Très intéressé, le quotidien cite presque telles quelles les conclusions
de l’océanographe. Suit une avalanches de reprises dans divers journaux internationaux.
« Mais tout était faux », a clamé le journaliste scientifique allemand Dirk
Maxeiner, lors d’un colloque organisé il y a peu par le Service de coordination
des sciences de l’environnement de l’Université de Fribourg. « Le pôle Nord
était bien sous l’eau ce jour-là. Mais ce phénomène n'avait rien d'exceptionnel
», a-t-il déclaré en exhibant un cliché datant de 1987, qui montrait la même
situation. « Cela n'a rien à voir avec le réchauffement. Et dix jours plus tard,
le pôle Nord était à nouveau gelé... »
« Les journalistes manquent parfois de scepticisme face à des sujets scientifiques.
Or c'est aussi leur travail », soutient M. Maxeiner, qui milite pour que le
journalisme scientifique ne dérive par vers un alarmisme exagéré et ne devienne
pas un instrument politique ou économique.
Les journalistes ne sont donc pas assez sceptiques à propos des sciences...
Oui! Il faudrait avoir le même sens critique que les journalistes qui analysent
les programmes politiques ou les décisions économiques.
Vous avez montré la première page d'un journal qui affiche la cathédrale
de Cologne sous l'eau. Vous dénoncez ce genre d'images que vous considérez comme
des exagérations alarmistes...
Le problème dans de tels cas, c'est de savoir qui est derrière le message
initial. Car dès que des scientifiques sont impliqués, les journalistes, qui
tendent plutôt à être « pro-environnement», se méfient moins...
Mais à qui la faute? Car tous les journalistes n'ont pas forcément le
bagage pour faire la part des choses, et reconnaître la manipulation... Vrai. D'autant plus que parfois, comme avec le climat, on ne peut pas vérifier
des faits qui se passeront dans le futur, comme les conséquences du réchauffement.
Il faudrait alors à chaque fois au moins mentionner que ce sont des projections,
ce qui n'est de loin pas fait. Ces arguments sont même utilisés comme instruments
de propagande, et souvent par des gens qui n'y connaissent rien.

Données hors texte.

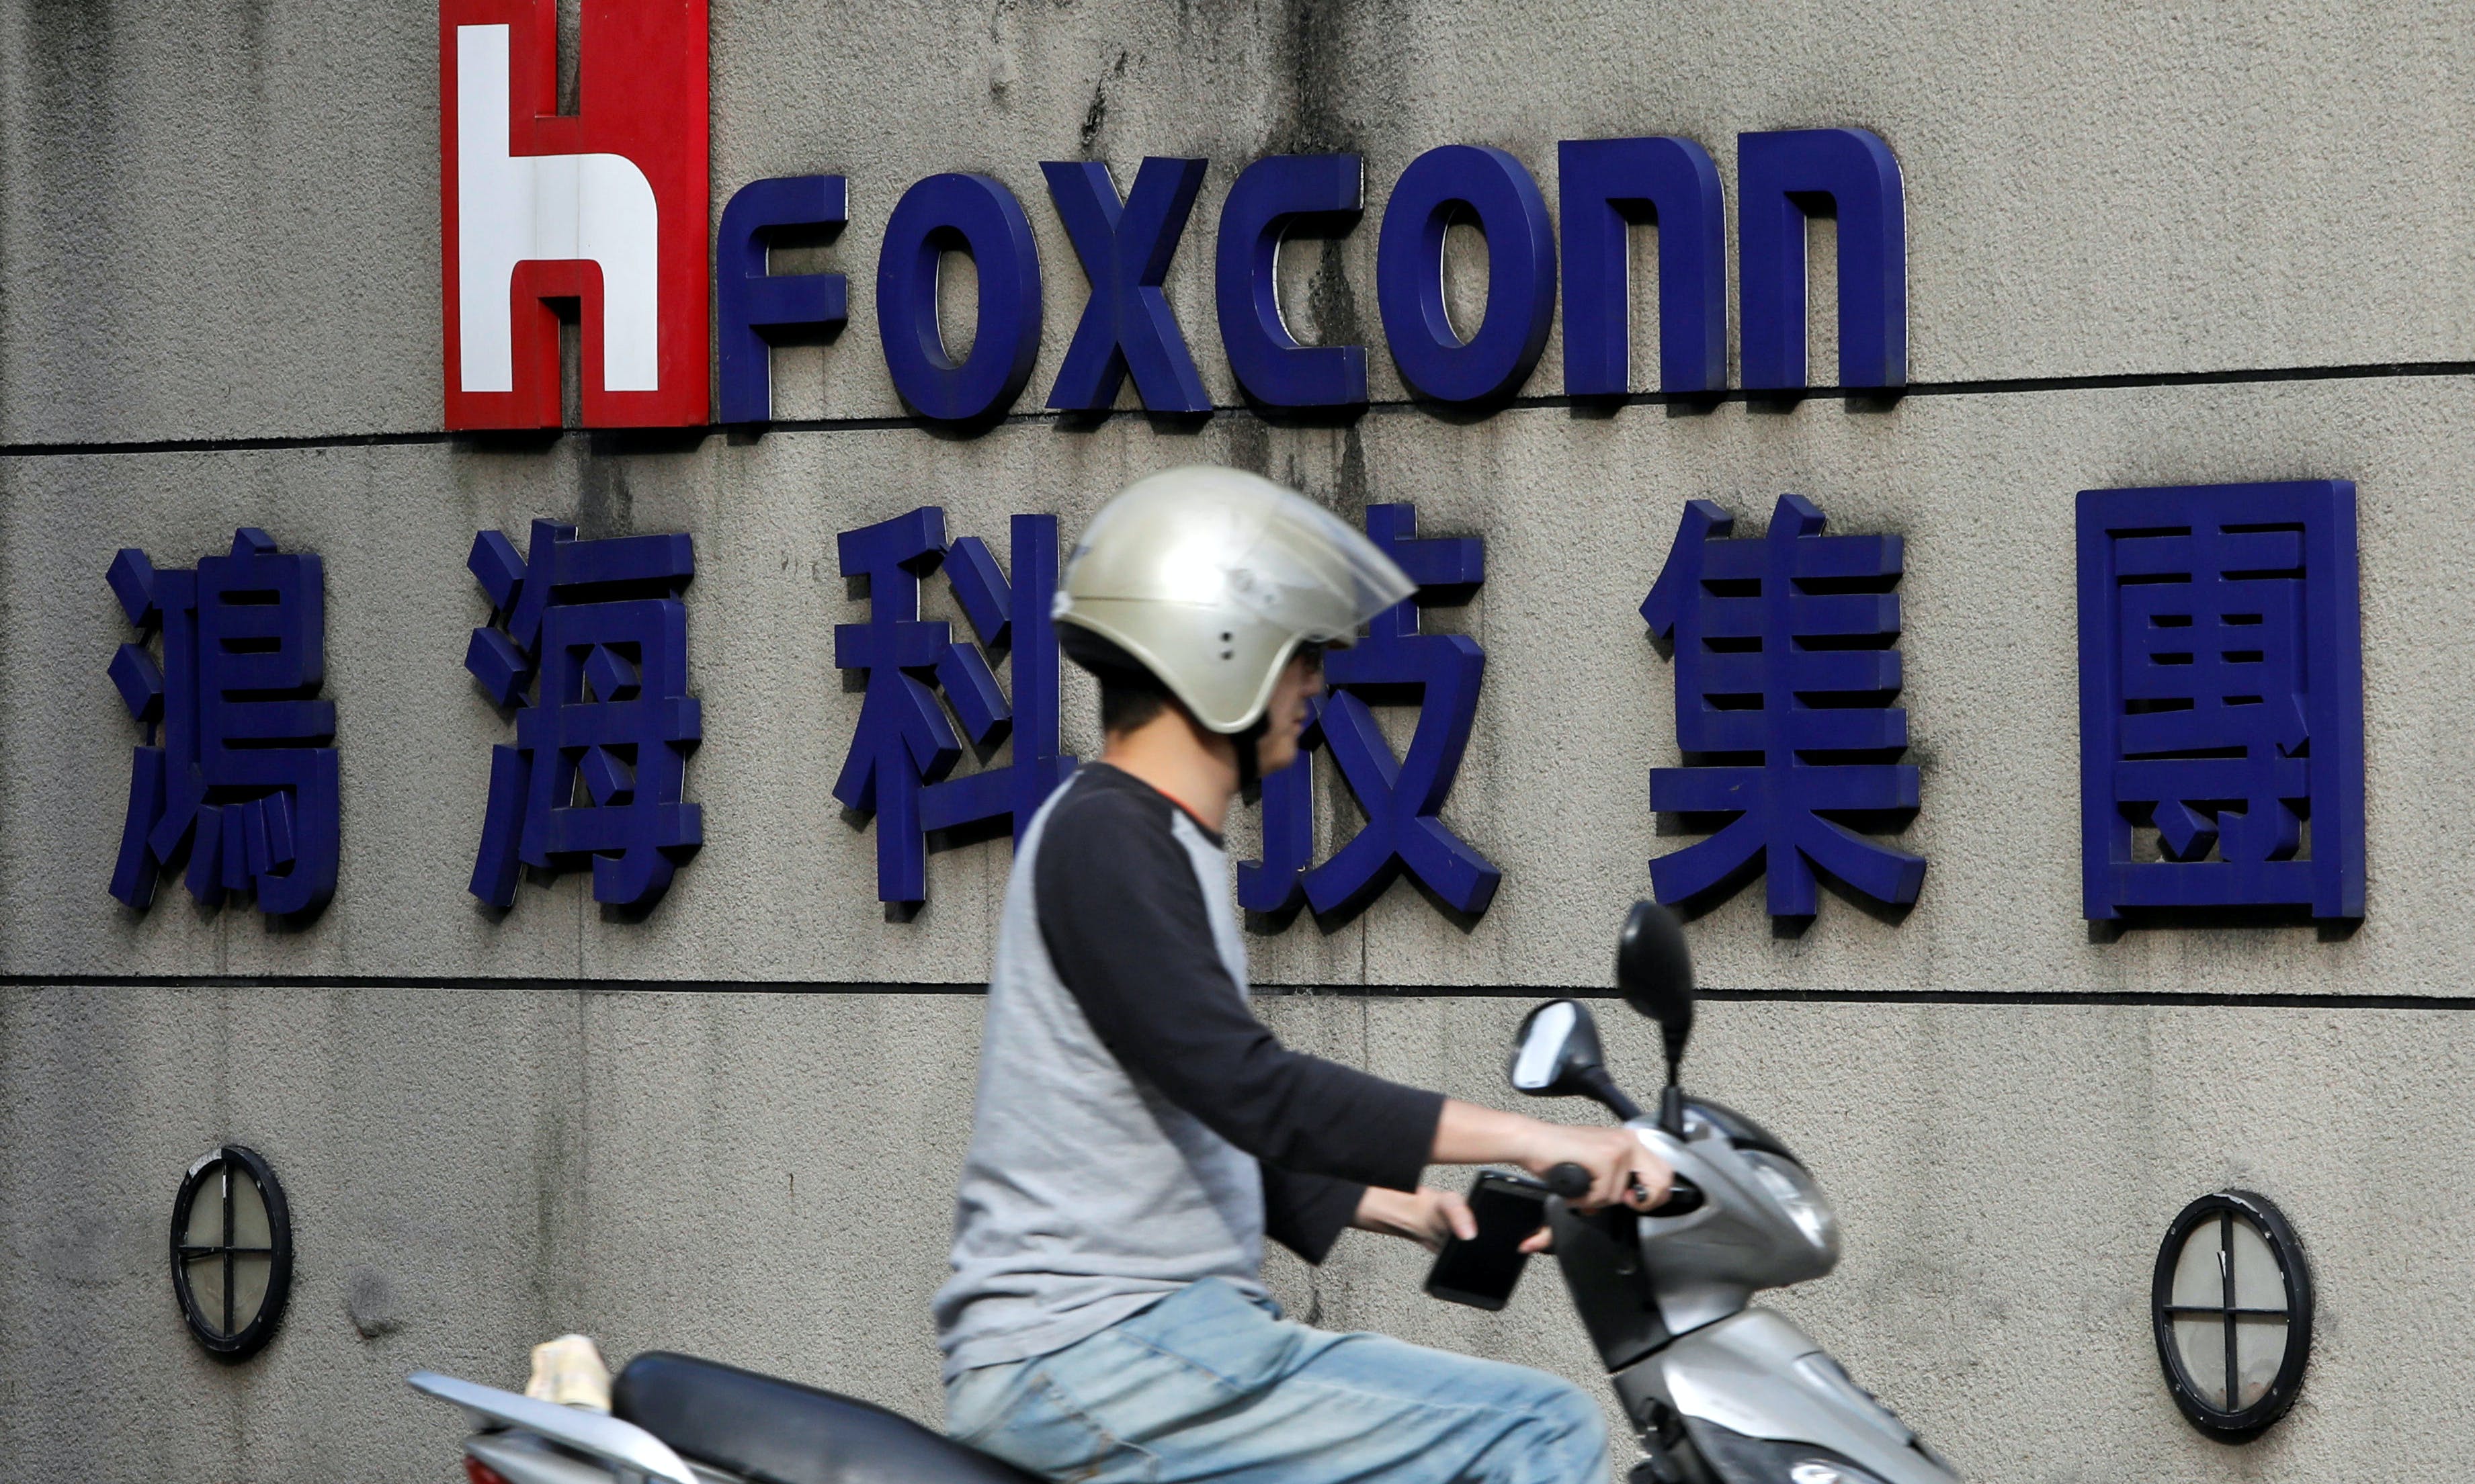 Taiwan's Foxconn Is Considering Opening an iPhone Factory in Vietnam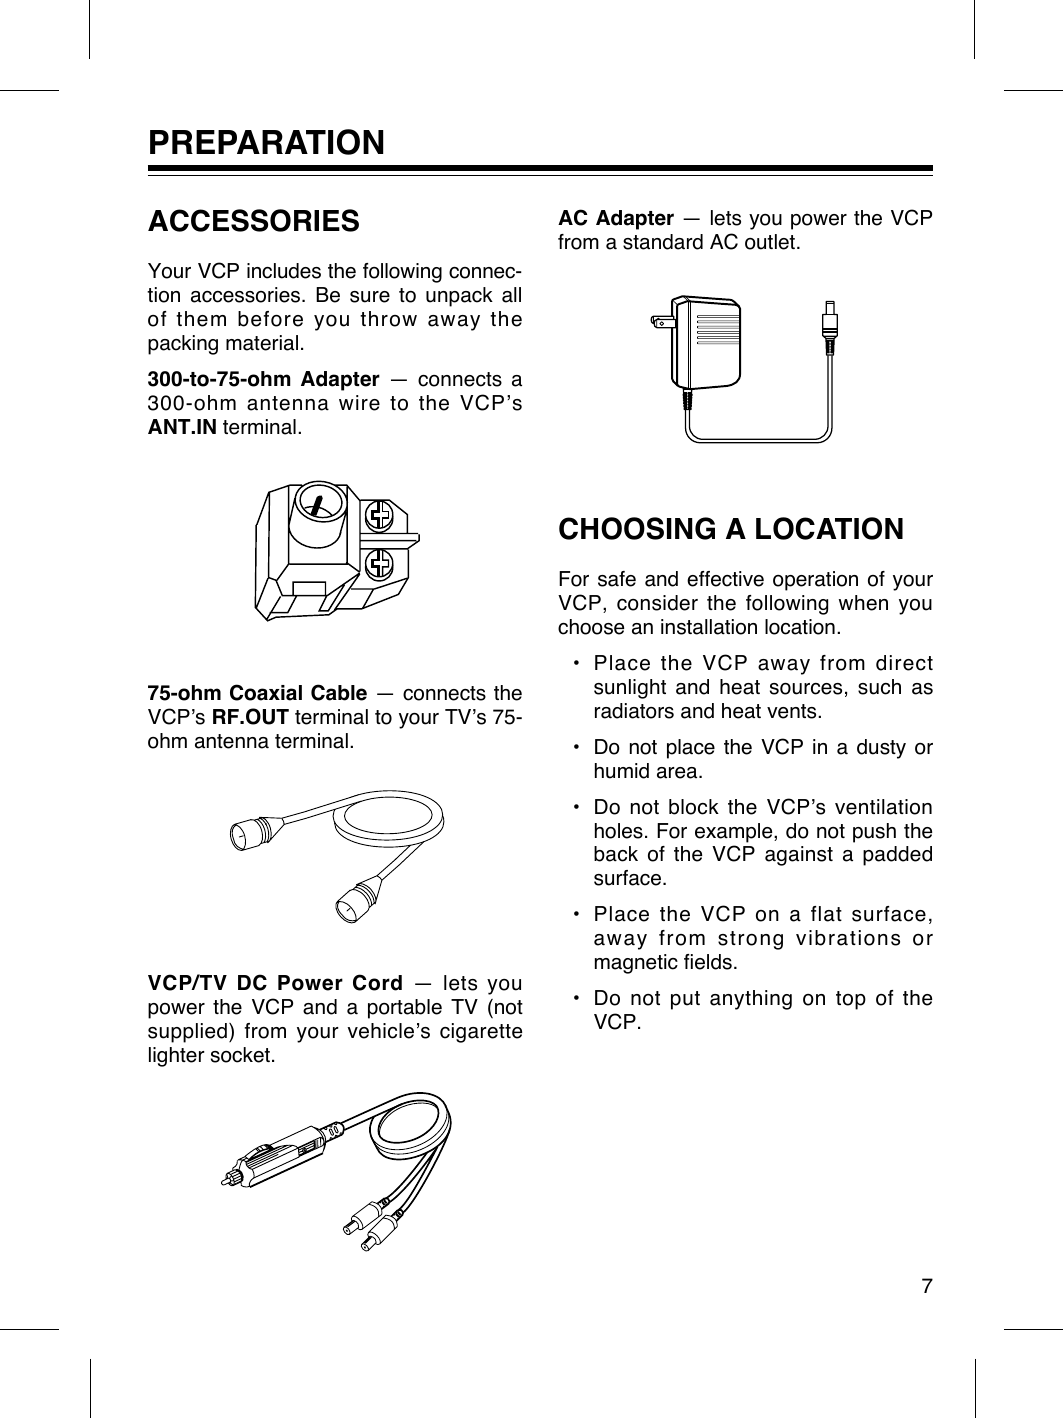 PREPARATIONACCESSORIESYour VCP includes the following connec-tion accessories. Be sure to unpack allof them before you throw away thepacking material.300-to-75-ohm Adapter Ñ connects a300-ohm antenna wire to the VCPÕsANT.IN terminal.75-ohm Coaxial Cable Ñ connects theVCPÕs RF.OUT terminal to your TVÕs 75-ohm antenna terminal.VCP/TV DC Power Cord Ñ lets youpower the VCP and a portable TV (notsupplied) from your vehicleÕs cigarettelighter socket.AC Adapter Ñ lets you power the VCPfrom a standard AC outlet.CHOOSING A LOCATIONFor safe and effective operation of yourVCP, consider the following when youchoose an installation location.¥ Place the VCP away from directsunlight and heat sources, such asradiators and heat vents.¥ Do not place the VCP in a dusty orhumid area.¥ Do not block the VCPÕs ventilationholes. For example, do not push theback of the VCP against a paddedsurface.¥ Place the VCP on a flat surface,away from strong vibrations ormagnetic fields.¥ Do not put anything on top of theVCP.7

Un exemple? En Europe, le réchauffement climatique est utilisé pour contrer la politique
américaine. Mais les Américains ont une manière de penser différente de la nôtre
: eux se fixent peu de limites. Or, cela a aussi ses côtés positifs en encourageant
le développement des nouvelles technologies, bien plus dynamique là-bas qu'en
Europe. Il ne faut pas oublier que ce sont les Américains qui ont inventé le
catalyseur! Concernant le climat, ils estiment peut-être que leur politique
économique va dégager des capitaux susceptibles d'aider les pays en voie de
développement à s'adapter aux changements climatiques, si le réchauffement est
à ce point une évidence.
Cet alarmisme peut-il être justifiable, car il permet de conscientiser
la population? Ce genre d'alarmisme avait son sens dans les années 1980. Mais maintenant,
si l'on montre trop d'images « chocs » comme celle de Cologne, les gens s'y
habituent. Les médias créent alors des photomontages encore plus forts, mais
peu réalistes. En fait, cette façon alarmiste de forger l'opinion publique fonctionne
aussi longtemps que la société ne change pas. Mais elle change : par exemple,
il existe des partis « verts ». Et en Allemagne, ces partis sont assez forts
pour ne plus être une minorité. D'ailleurs, de nombreuses autres formations
politiques reprennent leurs idées : presque personne n'ose s'opposer aux mesures
prises pour stabiliser les changements climatiques. L'alarmisme n'est donc plus
de mise. Il faut vraiment ne pas « sauter sur » une information alarmiste, mais
vérifier les faits. Car il y a toujours des motivations sous-jacentes dans toutes
les bonnes idées visant à sauver le monde.